_Exercise_
Exactly and only the lines from the one containing "Junker 88 di Santa Caterina ala destra" through the close of the entries below are to be set down.

_Task inputs_
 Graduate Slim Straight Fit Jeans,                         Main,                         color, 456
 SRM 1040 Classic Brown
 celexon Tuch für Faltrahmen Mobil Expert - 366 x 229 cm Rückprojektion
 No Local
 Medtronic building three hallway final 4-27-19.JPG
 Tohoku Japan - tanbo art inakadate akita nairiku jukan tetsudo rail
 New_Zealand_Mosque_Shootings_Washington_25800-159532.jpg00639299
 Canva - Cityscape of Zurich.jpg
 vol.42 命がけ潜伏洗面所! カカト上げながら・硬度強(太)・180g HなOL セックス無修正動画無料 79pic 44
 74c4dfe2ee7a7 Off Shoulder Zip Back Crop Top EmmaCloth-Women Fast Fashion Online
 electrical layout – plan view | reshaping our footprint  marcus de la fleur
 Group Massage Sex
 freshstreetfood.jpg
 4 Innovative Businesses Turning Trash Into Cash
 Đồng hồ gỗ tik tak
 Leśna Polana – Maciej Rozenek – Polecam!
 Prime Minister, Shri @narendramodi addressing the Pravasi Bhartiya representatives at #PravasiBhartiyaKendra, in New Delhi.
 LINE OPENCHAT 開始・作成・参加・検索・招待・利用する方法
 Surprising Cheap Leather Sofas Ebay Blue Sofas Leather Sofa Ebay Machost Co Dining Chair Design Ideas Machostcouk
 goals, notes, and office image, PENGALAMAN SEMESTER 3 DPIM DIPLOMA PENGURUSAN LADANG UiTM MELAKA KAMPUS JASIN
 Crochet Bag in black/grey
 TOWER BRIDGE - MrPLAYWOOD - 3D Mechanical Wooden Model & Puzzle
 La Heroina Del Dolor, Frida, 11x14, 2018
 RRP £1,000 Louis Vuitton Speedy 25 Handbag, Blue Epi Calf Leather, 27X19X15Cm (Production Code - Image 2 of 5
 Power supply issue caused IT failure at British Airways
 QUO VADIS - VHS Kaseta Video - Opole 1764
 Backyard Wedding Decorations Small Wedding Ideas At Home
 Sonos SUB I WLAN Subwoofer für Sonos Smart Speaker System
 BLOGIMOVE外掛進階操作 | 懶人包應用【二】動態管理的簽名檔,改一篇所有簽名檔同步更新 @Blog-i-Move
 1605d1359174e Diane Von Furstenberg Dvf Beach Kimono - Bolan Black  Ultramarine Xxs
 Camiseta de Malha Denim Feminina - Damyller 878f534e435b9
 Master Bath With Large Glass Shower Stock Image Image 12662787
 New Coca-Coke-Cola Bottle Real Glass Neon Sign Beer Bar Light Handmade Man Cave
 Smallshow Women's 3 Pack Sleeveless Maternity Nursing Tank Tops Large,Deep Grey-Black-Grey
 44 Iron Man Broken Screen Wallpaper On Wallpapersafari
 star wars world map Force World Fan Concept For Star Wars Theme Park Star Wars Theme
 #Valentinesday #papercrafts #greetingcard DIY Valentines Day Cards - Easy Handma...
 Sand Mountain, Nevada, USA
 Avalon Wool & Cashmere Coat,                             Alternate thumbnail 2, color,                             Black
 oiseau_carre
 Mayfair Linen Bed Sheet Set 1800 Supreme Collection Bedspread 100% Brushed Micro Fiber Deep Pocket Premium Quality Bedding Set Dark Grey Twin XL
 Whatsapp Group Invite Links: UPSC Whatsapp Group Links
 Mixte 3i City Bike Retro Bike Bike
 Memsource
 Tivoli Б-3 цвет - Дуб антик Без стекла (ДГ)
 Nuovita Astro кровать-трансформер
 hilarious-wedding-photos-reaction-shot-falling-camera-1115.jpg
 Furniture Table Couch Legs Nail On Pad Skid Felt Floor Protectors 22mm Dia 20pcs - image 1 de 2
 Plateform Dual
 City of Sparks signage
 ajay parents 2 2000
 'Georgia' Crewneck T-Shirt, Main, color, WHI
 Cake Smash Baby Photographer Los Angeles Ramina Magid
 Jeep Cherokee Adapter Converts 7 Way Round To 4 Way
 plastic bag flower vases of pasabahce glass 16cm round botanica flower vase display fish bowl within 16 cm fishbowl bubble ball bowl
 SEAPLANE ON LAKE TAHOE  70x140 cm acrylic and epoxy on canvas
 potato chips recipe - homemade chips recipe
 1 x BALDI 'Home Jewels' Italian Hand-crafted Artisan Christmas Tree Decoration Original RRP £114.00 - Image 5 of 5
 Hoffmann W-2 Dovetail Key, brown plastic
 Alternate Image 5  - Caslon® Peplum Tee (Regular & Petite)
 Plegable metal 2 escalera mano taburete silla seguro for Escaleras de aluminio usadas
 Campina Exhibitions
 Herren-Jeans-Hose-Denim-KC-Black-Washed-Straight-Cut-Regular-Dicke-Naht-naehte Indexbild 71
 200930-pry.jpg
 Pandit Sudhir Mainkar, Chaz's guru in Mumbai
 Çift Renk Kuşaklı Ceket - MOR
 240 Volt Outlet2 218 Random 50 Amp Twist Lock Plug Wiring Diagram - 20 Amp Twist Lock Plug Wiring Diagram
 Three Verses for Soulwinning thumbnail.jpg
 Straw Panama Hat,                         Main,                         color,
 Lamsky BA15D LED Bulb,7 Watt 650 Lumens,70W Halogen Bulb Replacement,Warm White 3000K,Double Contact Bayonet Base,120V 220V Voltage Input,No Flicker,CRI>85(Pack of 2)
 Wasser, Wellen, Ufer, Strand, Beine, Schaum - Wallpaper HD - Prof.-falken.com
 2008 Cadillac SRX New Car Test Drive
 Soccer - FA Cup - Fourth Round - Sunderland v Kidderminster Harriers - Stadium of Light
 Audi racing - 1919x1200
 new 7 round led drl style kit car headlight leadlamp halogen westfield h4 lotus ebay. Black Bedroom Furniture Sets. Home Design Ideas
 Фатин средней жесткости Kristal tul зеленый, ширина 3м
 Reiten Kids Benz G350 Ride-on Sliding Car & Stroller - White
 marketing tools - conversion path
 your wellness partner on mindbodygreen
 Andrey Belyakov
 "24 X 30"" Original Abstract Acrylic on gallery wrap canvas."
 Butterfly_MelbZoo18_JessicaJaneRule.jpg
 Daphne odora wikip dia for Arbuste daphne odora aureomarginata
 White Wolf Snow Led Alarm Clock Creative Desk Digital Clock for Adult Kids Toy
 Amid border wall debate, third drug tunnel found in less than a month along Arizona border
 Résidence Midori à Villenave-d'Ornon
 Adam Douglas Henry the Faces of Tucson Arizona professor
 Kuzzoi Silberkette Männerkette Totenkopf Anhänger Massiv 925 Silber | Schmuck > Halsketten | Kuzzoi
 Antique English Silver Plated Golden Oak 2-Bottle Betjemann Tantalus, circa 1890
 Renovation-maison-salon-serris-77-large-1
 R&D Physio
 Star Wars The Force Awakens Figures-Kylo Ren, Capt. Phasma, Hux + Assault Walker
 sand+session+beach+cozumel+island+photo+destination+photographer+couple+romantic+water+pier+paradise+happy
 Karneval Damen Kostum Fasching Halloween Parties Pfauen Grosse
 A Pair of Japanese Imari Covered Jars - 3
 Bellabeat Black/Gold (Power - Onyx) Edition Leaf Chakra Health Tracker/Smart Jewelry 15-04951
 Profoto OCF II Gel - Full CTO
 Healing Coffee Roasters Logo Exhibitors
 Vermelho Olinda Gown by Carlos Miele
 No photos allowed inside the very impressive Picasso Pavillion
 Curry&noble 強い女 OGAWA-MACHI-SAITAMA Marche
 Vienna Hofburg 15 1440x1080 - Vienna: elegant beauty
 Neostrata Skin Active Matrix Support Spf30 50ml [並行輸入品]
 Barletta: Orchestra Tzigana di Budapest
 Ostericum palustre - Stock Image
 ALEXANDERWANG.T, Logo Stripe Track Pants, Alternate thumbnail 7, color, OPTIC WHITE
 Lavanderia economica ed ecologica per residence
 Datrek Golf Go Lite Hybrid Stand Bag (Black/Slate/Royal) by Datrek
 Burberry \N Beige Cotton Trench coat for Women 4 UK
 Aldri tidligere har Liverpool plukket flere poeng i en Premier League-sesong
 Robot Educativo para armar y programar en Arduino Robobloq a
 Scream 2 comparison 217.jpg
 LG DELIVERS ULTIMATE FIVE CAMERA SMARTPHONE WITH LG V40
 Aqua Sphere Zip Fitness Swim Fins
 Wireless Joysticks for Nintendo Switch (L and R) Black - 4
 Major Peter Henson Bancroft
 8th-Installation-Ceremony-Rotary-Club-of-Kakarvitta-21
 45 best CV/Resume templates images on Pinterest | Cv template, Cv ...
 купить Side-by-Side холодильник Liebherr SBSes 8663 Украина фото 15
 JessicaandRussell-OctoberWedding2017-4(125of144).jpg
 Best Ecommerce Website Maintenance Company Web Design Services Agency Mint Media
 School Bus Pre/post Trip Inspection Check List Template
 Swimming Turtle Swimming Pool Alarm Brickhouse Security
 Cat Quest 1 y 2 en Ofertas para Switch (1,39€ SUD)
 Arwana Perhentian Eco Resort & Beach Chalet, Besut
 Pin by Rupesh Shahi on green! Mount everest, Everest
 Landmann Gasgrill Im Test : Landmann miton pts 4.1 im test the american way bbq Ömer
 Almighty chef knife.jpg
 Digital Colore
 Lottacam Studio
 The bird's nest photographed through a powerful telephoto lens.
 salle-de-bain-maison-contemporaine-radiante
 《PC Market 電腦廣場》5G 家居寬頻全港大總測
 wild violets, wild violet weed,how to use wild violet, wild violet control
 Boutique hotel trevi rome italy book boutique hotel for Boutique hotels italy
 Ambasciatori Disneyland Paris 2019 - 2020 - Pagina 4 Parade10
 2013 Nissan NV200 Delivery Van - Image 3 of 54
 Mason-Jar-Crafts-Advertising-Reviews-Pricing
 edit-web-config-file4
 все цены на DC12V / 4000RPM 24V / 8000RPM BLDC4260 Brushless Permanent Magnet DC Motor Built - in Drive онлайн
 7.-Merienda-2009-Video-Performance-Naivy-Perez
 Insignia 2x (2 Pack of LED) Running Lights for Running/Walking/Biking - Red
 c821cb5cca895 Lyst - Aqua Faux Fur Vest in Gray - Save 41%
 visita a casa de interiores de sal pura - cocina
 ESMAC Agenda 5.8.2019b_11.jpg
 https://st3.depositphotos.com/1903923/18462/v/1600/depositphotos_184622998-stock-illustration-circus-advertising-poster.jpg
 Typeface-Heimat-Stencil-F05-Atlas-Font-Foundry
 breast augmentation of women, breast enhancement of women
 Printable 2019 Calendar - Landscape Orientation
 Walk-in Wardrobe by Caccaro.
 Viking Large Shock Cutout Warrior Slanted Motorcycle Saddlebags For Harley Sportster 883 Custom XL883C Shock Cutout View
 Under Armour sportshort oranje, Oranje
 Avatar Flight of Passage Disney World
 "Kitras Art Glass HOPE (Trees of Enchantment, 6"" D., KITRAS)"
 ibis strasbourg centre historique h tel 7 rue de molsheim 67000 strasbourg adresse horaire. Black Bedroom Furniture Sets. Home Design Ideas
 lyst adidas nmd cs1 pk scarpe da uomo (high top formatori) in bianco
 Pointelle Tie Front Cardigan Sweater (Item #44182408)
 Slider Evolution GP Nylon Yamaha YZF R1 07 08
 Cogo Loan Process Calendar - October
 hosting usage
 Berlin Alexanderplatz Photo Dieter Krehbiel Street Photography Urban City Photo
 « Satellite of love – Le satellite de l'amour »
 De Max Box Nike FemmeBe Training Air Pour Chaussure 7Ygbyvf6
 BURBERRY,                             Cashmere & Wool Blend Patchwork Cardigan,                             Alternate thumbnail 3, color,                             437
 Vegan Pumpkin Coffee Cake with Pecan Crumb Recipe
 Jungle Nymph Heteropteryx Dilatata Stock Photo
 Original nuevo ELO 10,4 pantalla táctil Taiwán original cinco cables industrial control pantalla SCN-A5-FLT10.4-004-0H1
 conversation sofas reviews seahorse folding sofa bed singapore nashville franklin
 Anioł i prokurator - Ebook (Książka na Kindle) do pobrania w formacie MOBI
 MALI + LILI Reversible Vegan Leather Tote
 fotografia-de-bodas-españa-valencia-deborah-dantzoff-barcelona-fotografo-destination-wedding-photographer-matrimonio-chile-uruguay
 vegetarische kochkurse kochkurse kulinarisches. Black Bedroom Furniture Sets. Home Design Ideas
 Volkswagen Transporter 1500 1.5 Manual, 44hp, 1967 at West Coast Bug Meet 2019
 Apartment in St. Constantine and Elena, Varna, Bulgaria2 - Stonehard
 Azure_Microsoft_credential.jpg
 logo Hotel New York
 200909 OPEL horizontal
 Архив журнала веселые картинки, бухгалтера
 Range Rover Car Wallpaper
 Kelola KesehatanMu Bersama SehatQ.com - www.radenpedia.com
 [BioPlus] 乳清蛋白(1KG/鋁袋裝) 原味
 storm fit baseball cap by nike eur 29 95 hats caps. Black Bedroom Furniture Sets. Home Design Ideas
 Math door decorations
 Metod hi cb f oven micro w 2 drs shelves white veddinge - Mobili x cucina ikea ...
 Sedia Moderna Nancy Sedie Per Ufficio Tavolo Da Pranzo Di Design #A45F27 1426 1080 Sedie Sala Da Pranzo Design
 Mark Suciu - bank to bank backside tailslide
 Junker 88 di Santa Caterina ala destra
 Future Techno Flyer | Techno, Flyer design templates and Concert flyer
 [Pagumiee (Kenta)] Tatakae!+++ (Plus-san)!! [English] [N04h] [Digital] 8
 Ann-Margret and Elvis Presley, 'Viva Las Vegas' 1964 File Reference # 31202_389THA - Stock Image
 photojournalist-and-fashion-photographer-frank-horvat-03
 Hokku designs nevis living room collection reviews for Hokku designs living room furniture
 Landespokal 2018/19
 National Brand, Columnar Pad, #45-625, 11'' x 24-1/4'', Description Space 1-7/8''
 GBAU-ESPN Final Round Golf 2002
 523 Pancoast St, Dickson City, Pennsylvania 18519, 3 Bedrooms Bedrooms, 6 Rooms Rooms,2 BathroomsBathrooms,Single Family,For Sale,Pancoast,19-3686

_Answer below_
 Junker 88 di Santa Caterina ala destra
 Future Techno Flyer | Techno, Flyer design templates and Concert flyer
 [Pagumiee (Kenta)] Tatakae!+++ (Plus-san)!! [English] [N04h] [Digital] 8
 Ann-Margret and Elvis Presley, 'Viva Las Vegas' 1964 File Reference # 31202_389THA - Stock Image
 photojournalist-and-fashion-photographer-frank-horvat-03
 Hokku designs nevis living room collection reviews for Hokku designs living room furniture
 Landespokal 2018/19
 National Brand, Columnar Pad, #45-625, 11'' x 24-1/4'', Description Space 1-7/8''
 GBAU-ESPN Final Round Golf 2002
 523 Pancoast St, Dickson City, Pennsylvania 18519, 3 Bedrooms Bedrooms, 6 Rooms Rooms,2 BathroomsBathrooms,Single Family,For Sale,Pancoast,19-3686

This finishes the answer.